Show Hive Query Log in Workbench

Improve Workbench usability

One of the most accessed databases with Discovery’s workbench tools is Hive.
People use the workbench to perform queries that take tens of minutes to even hours.
There have been many usability improvement requirements associated with this.
I would like to talk about one of them, “Show log of running query”.

Show log of running query

Users want to show the log information of the currently executing query rather than wait idly.

If you check the HiveStatement javadocs, there are related methods.
https://hive.apache.org/javadocs/r1.2.2/api/org/apache/hive/jdbc/HiveStatement.html#getQueryLog()
(Metatron-Discovery is currently using the 1.x version of hive-jdbc as a backwards compatible issue.)

One setting is required to get the SQL Execution Log using the getQueryLog () method.

Since Hive 2.1.0, Hive uses the asynchronous logger of Log4j2 by default.
To get the log using the getQueryLog() method, you need to turn this feature off.
hive.async.log.enabled should be set to false. The default value is true.

(https://cwiki.apache.org/confluence/display/Hive/Configuration+Properties#ConfigurationProperties-hive.async.log.enabled)

<property>
  <name>hive.async.log.enabled</name>
  <value>true</value>
</property>

** These options are related to Hive’s performance, so please make a careful decision.

And the hive.server2.logging.operation.enabled setting must be true, but its setting is true by default.
(https://cwiki.apache.org/confluence/display/Hive/Configuration+Properties#ConfigurationProperties-hive.server2.logging.operation.enabled)

Now that we’ve set up Hive and checked the methods we need to use, let’s add those features.

Code implementation

Major implementation details are as follows.
1. After creating a thread for Log Print, print the log list every 1 second from statement.
2. When the query execution is completed, the log print thread is interrupted and the log is fetched until there is no remaining log.

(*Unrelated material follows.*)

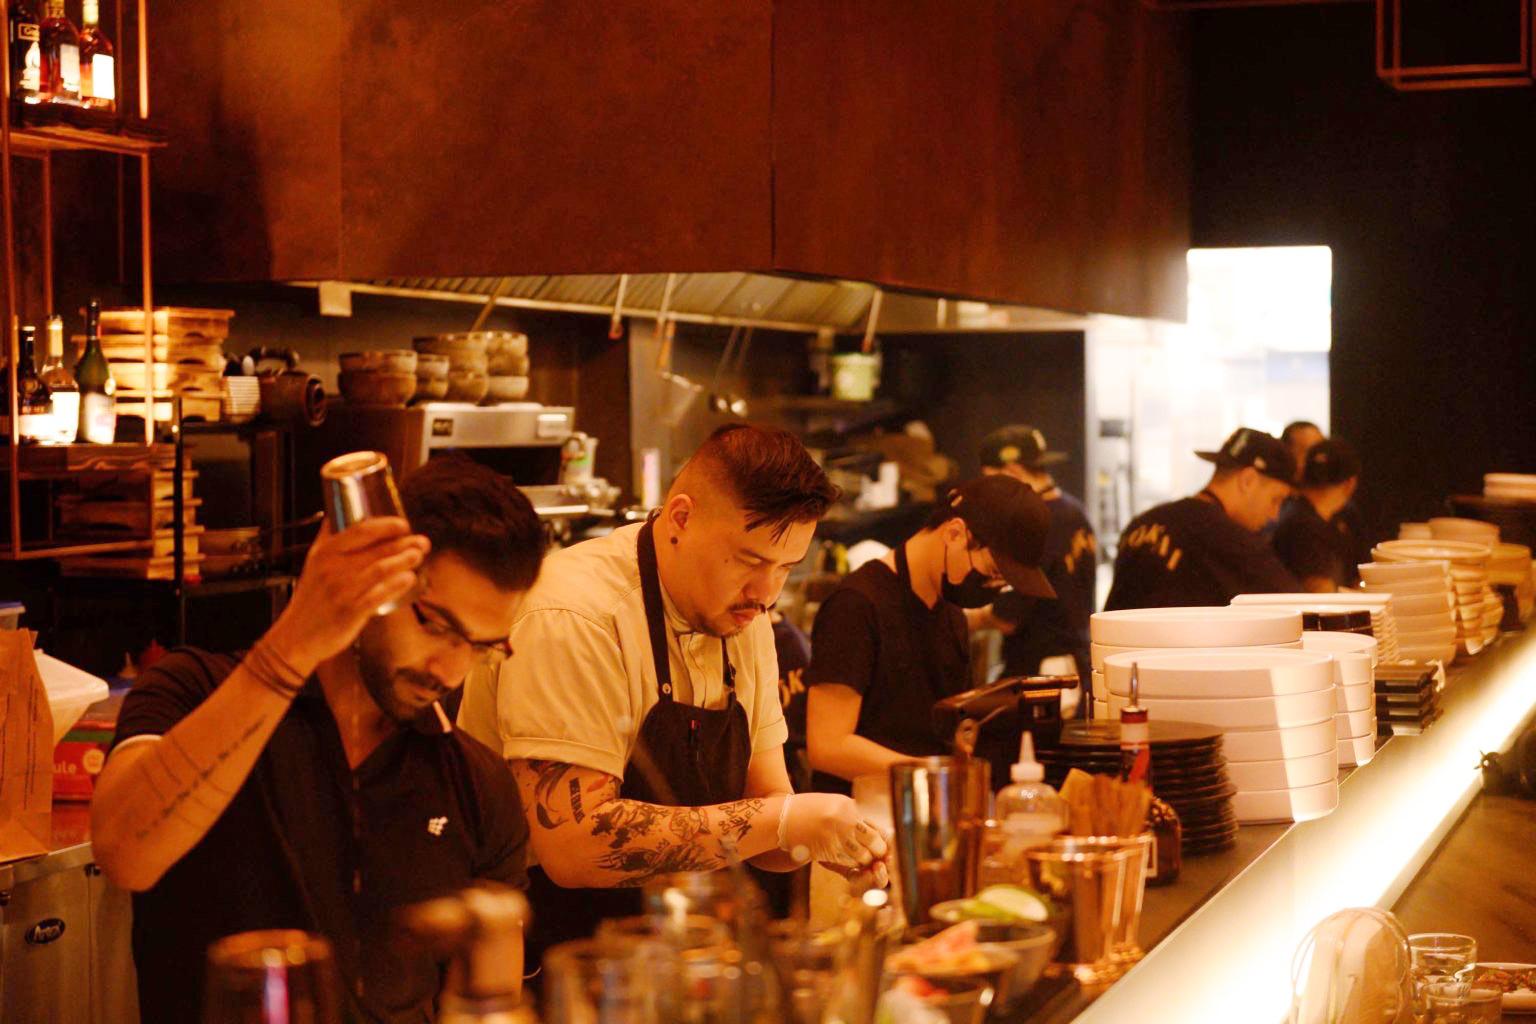 Several chefs cook inside a restaurant’s kitchen.

String connUrl = "jdbc:hive2://localhost:10009";
String username = "hive";
String password = "hive";
String query = "select city, sum(sales) from default.sales group by city order by city limit 10";
DataSource ds = new DriverManagerDataSource(connUrl, username, password);

try{
  Connection connection = ds.getConnection();
  Statement stmt = connection.createStatement();

  //Start query log thread
  Thread queryLogThread = new Thread(() -> {
    try{
      Thread.sleep(1000L);
      while(!Thread.currentThread().isInterrupted()){
        Thread.sleep(50L);

        //print query log
        List<String> logLists = ((HiveStatement) stmt).getQueryLog();
        for(String log : logLists){
          System.out.println(log);
        }
      }
    } catch(InterruptedException e){
      System.out.println("Print Last Query Log");
      List<String> logLists = null;
      do {
        try {
          logLists = ((HiveStatement) stmt).getQueryLog();
        } catch (SQLException sqle) {
          return;
        }
        for(String log : logLists){
          System.out.println(log);
        }
      } while (logLists.size() > 0);
    } catch(SQLException e){
      e.printStackTrace();
    }
    finally {
      System.out.println("Query Log thread is dead");
    }
  });
  queryLogThread.start();

  //Sql Execute
  boolean hasResultSet = stmt.execute(query);

  //interrupt log thread
  System.out.println("Query log thread interrupt.");
  queryLogThread.interrupt();

  if(hasResultSet){
    ResultSet resultSet = stmt.getResultSet();
    while(resultSet.next()){
      System.out.println("Query Result : " + resultSet.getObject(1) + ", " + resultSet.getObject(2));
    }
  }
}catch(SQLException e){
  e.printStackTrace();
}

Properties related to Log Print Level

If you run the sample code, you will see that the Log is printed as shown below.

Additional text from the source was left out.